Le novità del nuovo regolamento

All’articolo 1 è previsto che i beni confiscati alla mafia possono essere utilizzati per rispondere all’emergenza abitativa e al disagio abitativo. È anche previsto che i beni possono essere messi in affitto a privati solo ed esclusivamente se non sono utilizzati per fini istituzionali e per scopi sociali a seguito di due procedure pubbliche aperte che vanno deserte.

All’articolo 2 è previsto qualsiasi tipo di utilizzo sociale dei beni confiscati: dal co-housing alla valorizzazione del patrimonio culturale, dalle attività turistiche alla tutela degli animali, dall’accoglienza ai migranti al supporto alla comunità LGBTQIA+. Questo ultimo punto approvato all’unanimità su proposta di PD e Movimento 5 stelle. È previsto anche l’uso per agricoltura sociale e sviluppo di energie rinnovabili.

L’articolo 3 bis dispone la realizzazione di una mappa dei beni confiscati e la diffusione delle informazioni sui beni in formato elettronico aperto.

L’articolo 4, in maniera totalmente innovativa, è volto alla valorizzazione dei “beni mobili” confiscati alla mafia. Si regolamenta una procedura per acquisire al patrimonio dell’ente tutti i beni mobili (automezzi, strumenti da lavoro, mobilio etc.) in modo da essere utilizzati dal comune o da associazioni. Si dispone anche la creazione di una banca dati dei beni mobili confiscati.
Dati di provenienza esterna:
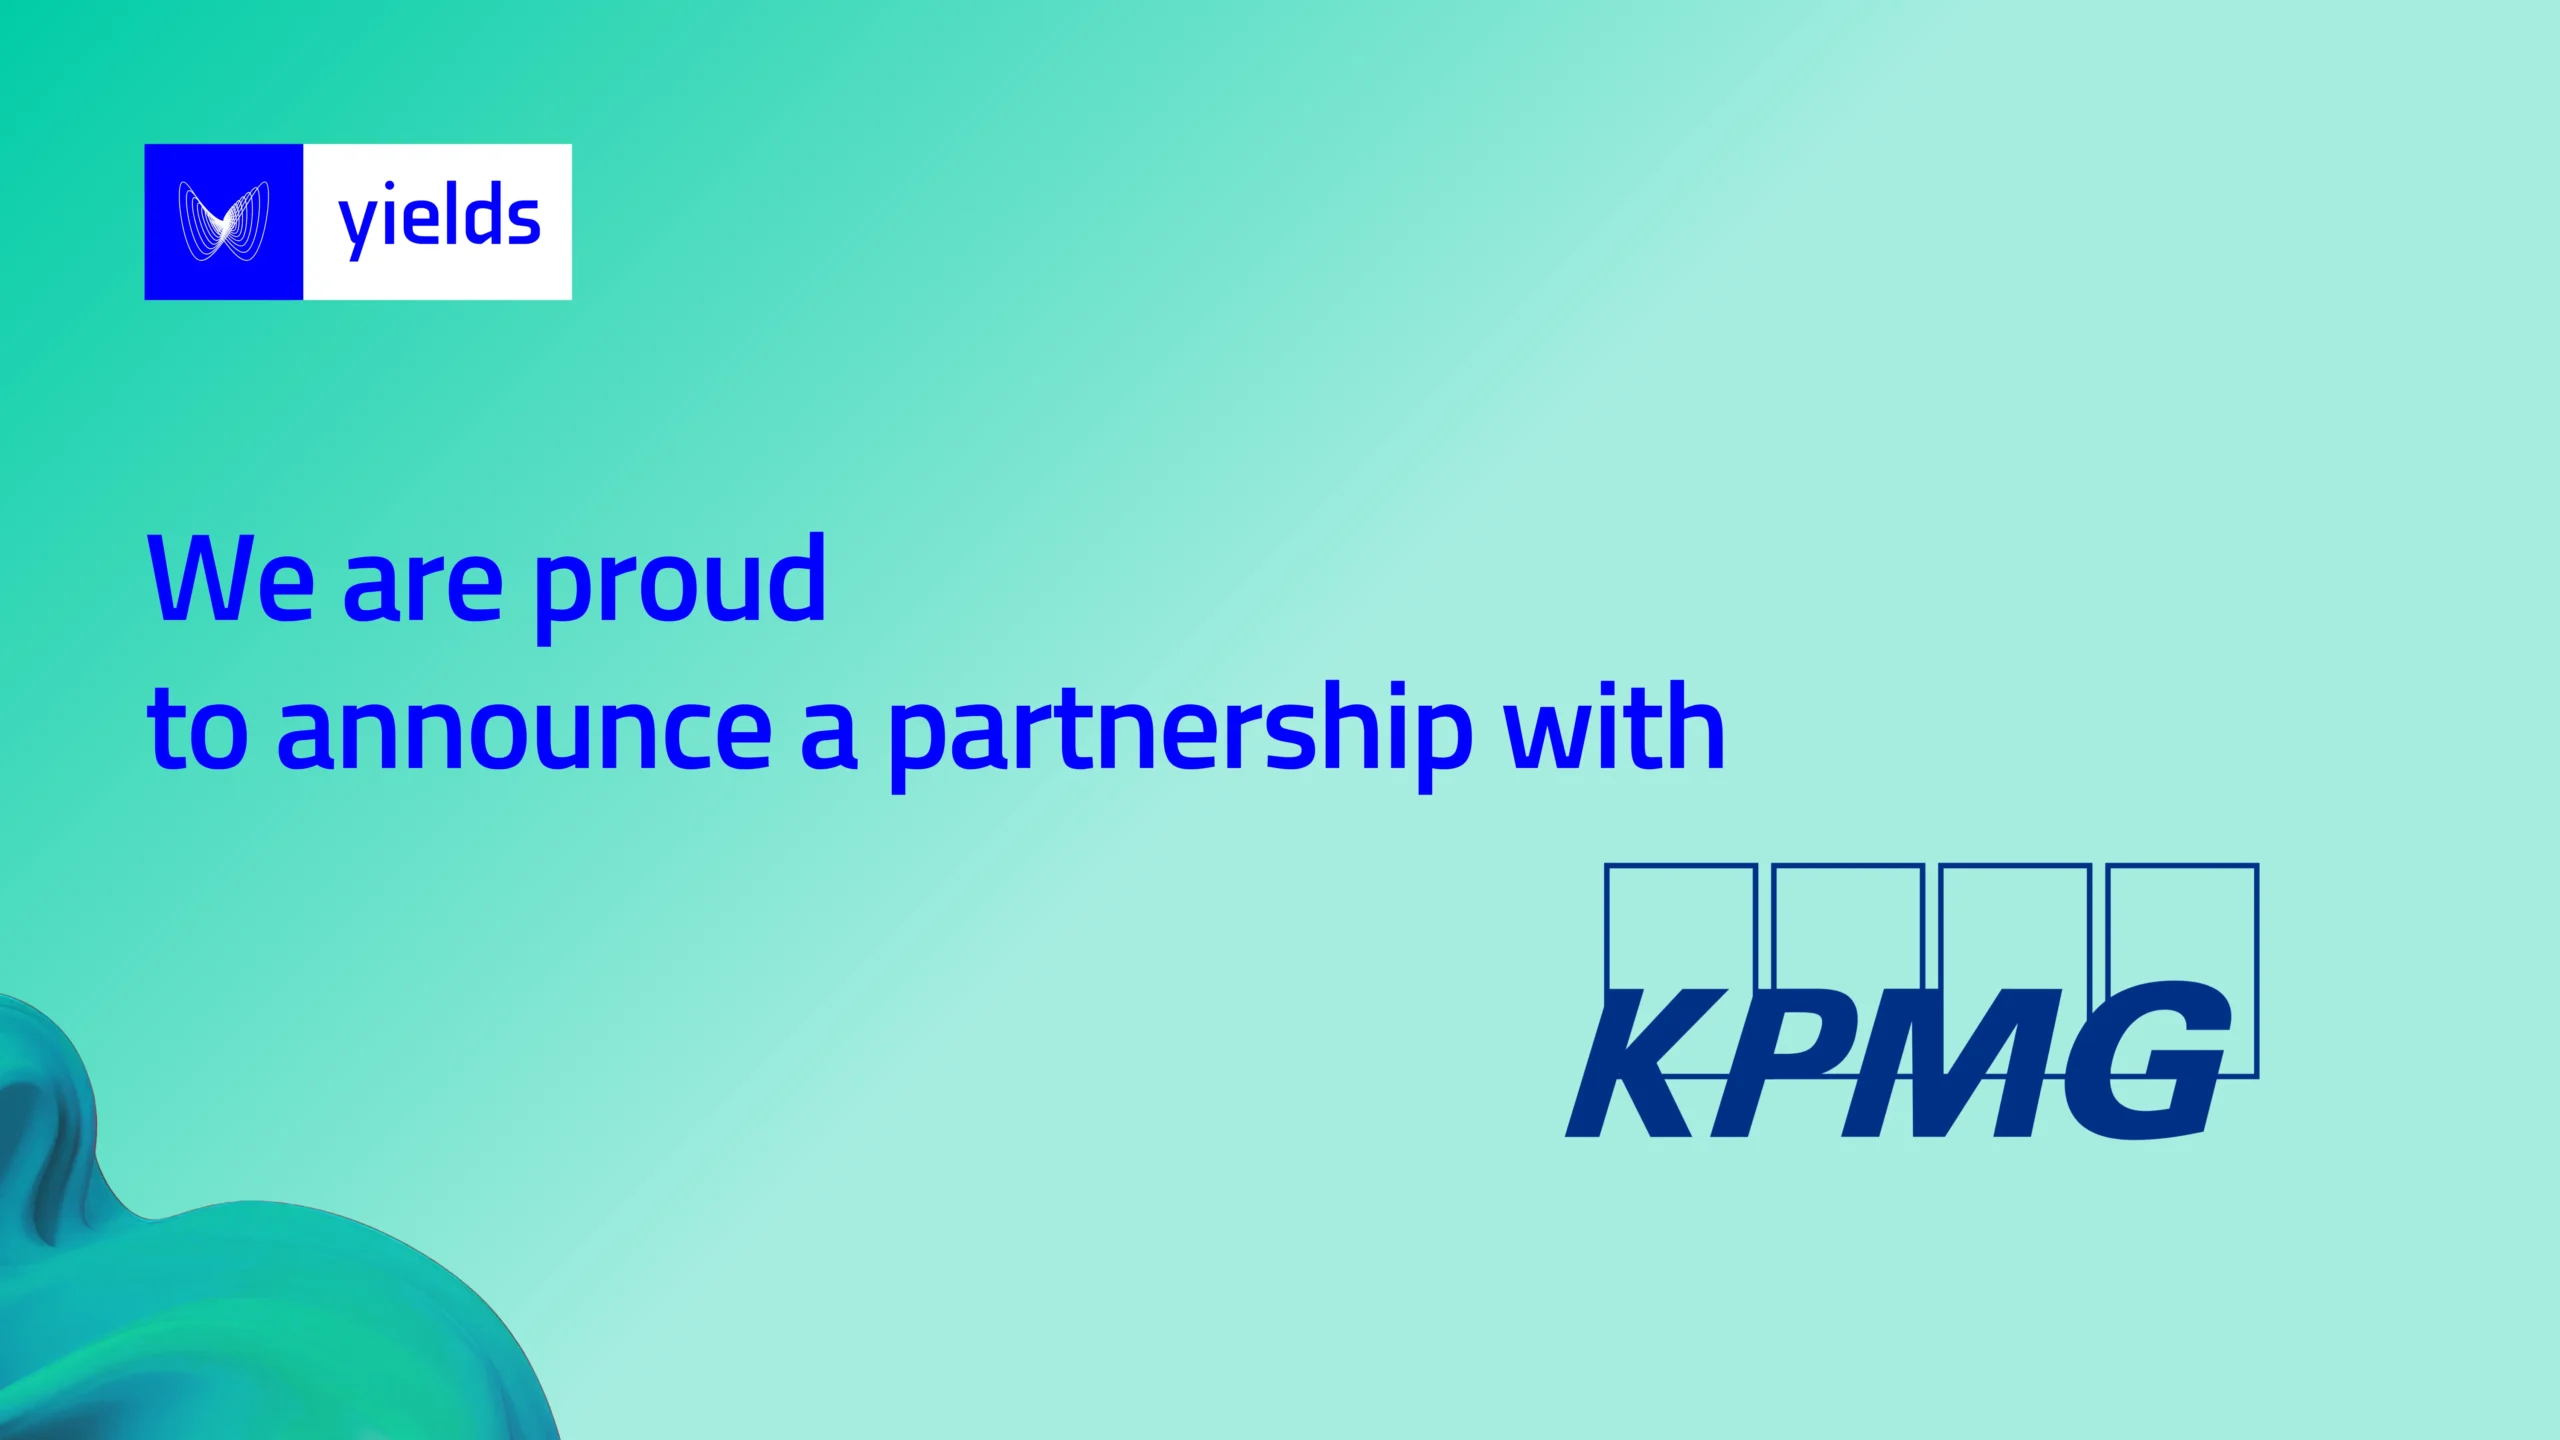 KPMG and Yields announce Strategic Partnership

L’articolo 4 bis istituisce lo sportello comunale per i beni confiscati, che sarà ospitato presso un bene confiscato in via Etnea. L’articolo 4 bis istituisce l’osservatorio permanente sui beni confiscati che consentirà di realizzare un processo partecipativo, aperto a cittadini e istituzioni, nella gestione e nella cura dei beni confiscati alla mafia.

L’articolo 9 bis apre alla possibilità che i beni confiscati possano essere utilizzati anche da società partecipate del Comune, enti strumentali e aziende speciali.
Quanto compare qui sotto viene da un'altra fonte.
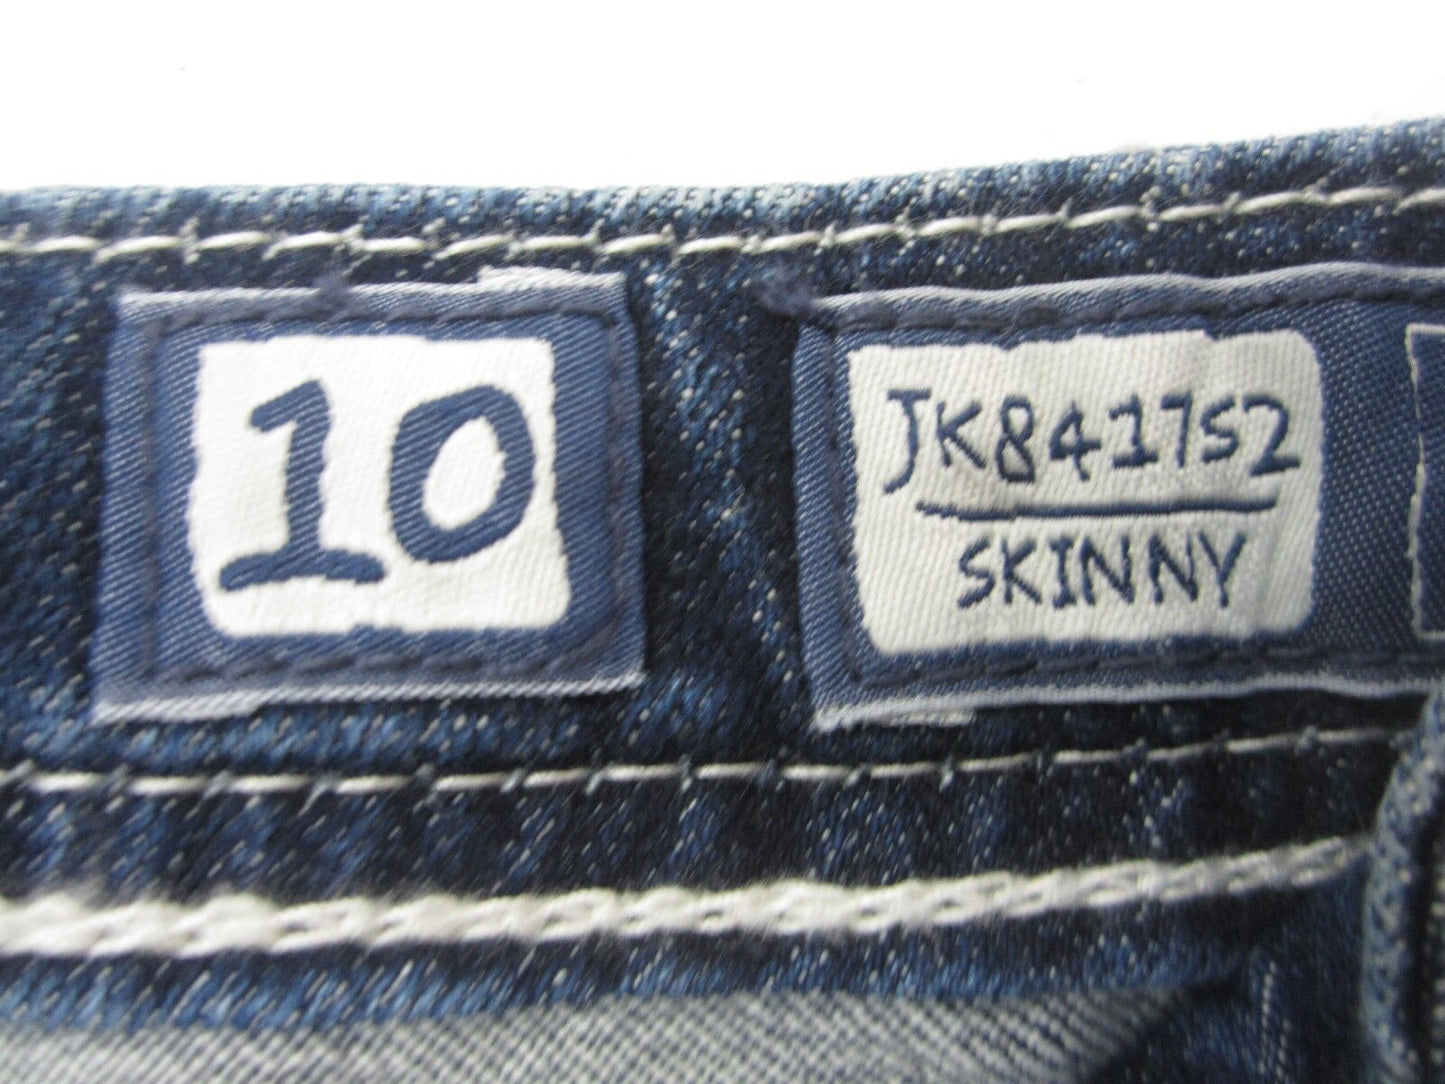 NWOT Girl's Miss Me Jeans JK8417S2 Flap Pocket Skinny Cute Bling Size 10 x 27

L’articolo 10 apre norma l’utilizzo dei beni confiscati per fini abitativi. I beni confiscati potranno essere utilizzati per assistenza temporanea, per cohousing sociale, per creare dormitori o alloggi per senza fissa dimone, per la realizzare di case rifugio e centri di accoglienza. Inoltre i beni destinati a scopo abitativo potranno essere messi a disposizione delle direzioni che curano l’edilizia residenziale pubblica e eventuali lavori svolti dagli assegnatari per migliorare le condizioni del bene potranno essere conguagliati dal canone dovuto.
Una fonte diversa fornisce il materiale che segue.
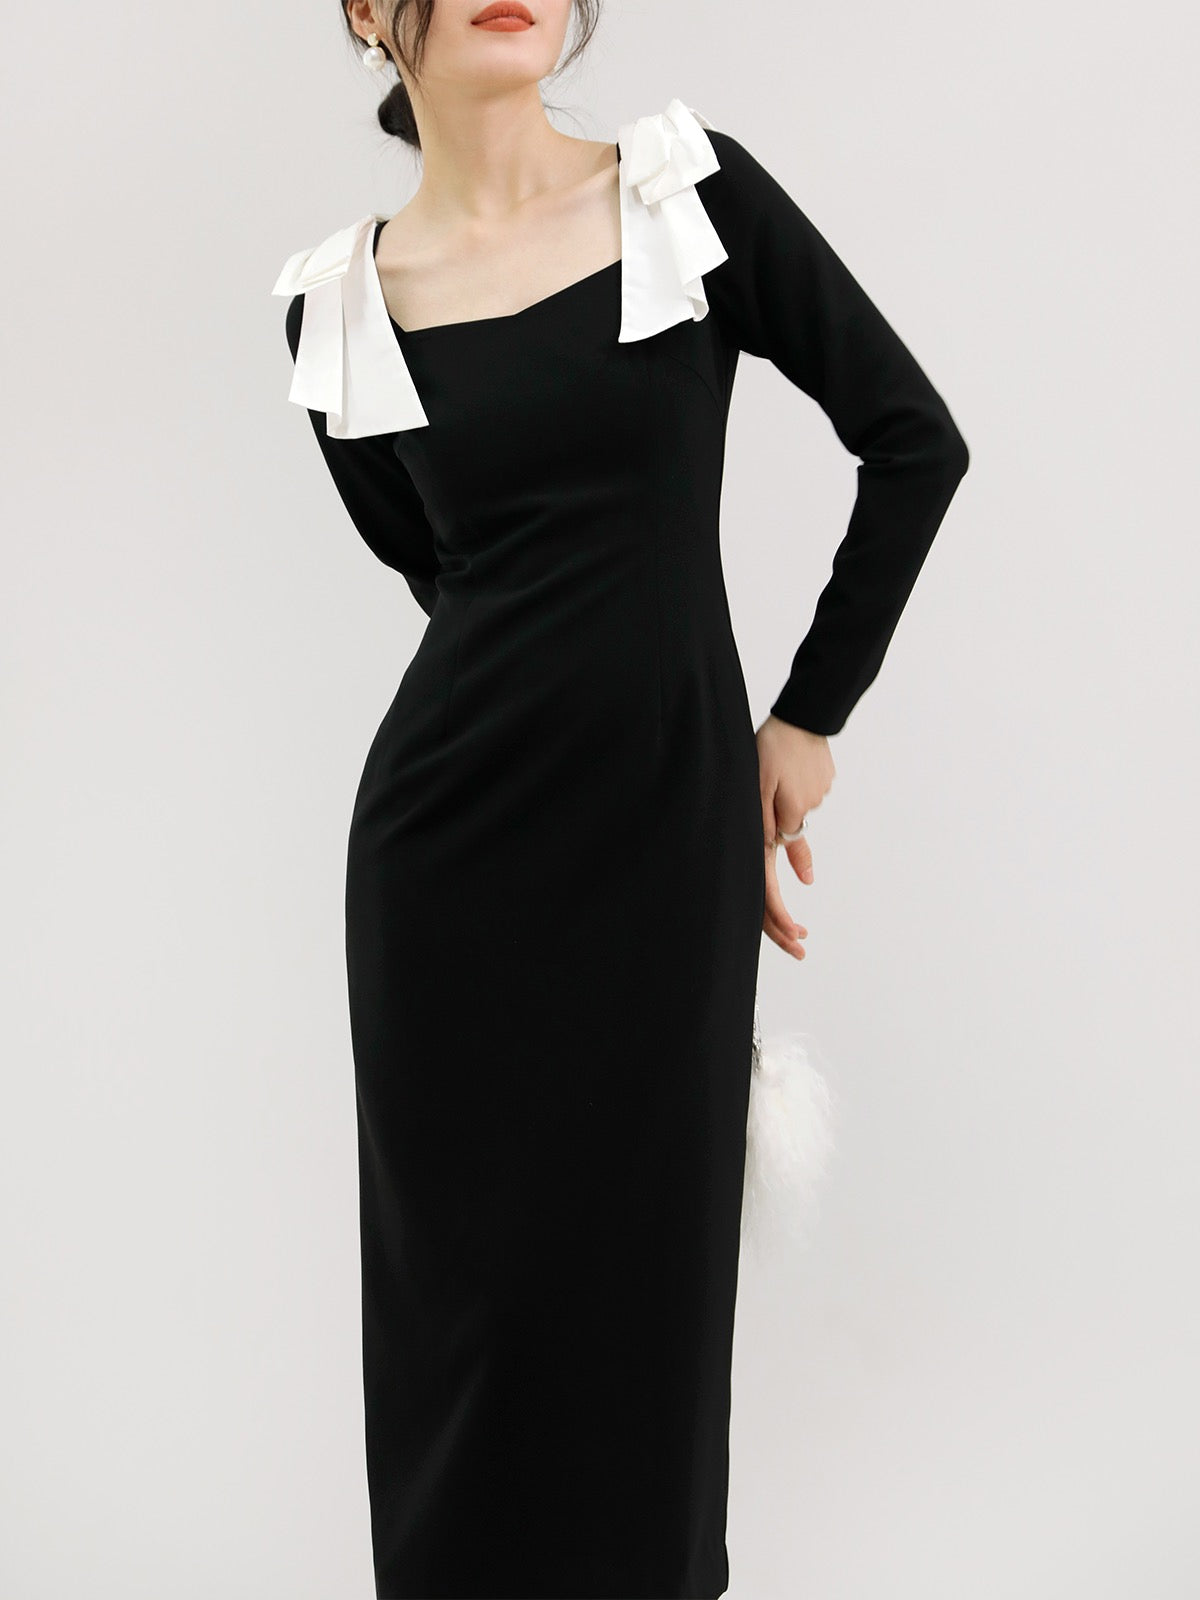 Formal Dress: 61377. Long, Plunging Neckline, Straight | Alyce Paris

L’articolo 11 apre alla possibilità che tutte le organizzazioni no profit possano richiedere l’assegnazione di un bene confiscato, anche i sindacati, finora esclusi. Inoltre anche i gruppi informali di almeno cinque persone potranno richiedere un immobile confiscato, con l’impegno di formalizzarsi in associazione successivamente.

L’articolo 15 restringe la possibilità di concedere gli immobili confiscati in affitto a privati. Infatti solo a seguito di due gare andate deserte l’immobile potrà essere destinato alla locazione. I fondi acquisiti tramite i canoni d’affitto saranno reinvestiti in un “fondo speciale per il riutilizzo dei beni confiscati alla mafia”.

L’articolo 22 consente all’amministrazione comunale di valutare la lunghezza della concessione per finalità sociale, comunque non oltre i trent’anni. Questo al fine di consentire l’eventuale realizzazione di progetti che hanno durata più lunga.

L’articolo 28 apre alla possibilità di intitolare i beni confiscati a personalità che si sono distinte nella lotta alla mafia.

L’articolo 30 stabilisce che i beni che non sono stati utilizzati per alcun fine vengano inseriti per un anno in una lista denominata “beni confiscati disponibili”, pubblicata sul sito internet del comune. In ogni momento le associazioni potranno chiedere in concessione uno dei beni contenuto in questa lista, prima che essi vengano restituiti all’Agenzia nazionale in quanto non utilizzati.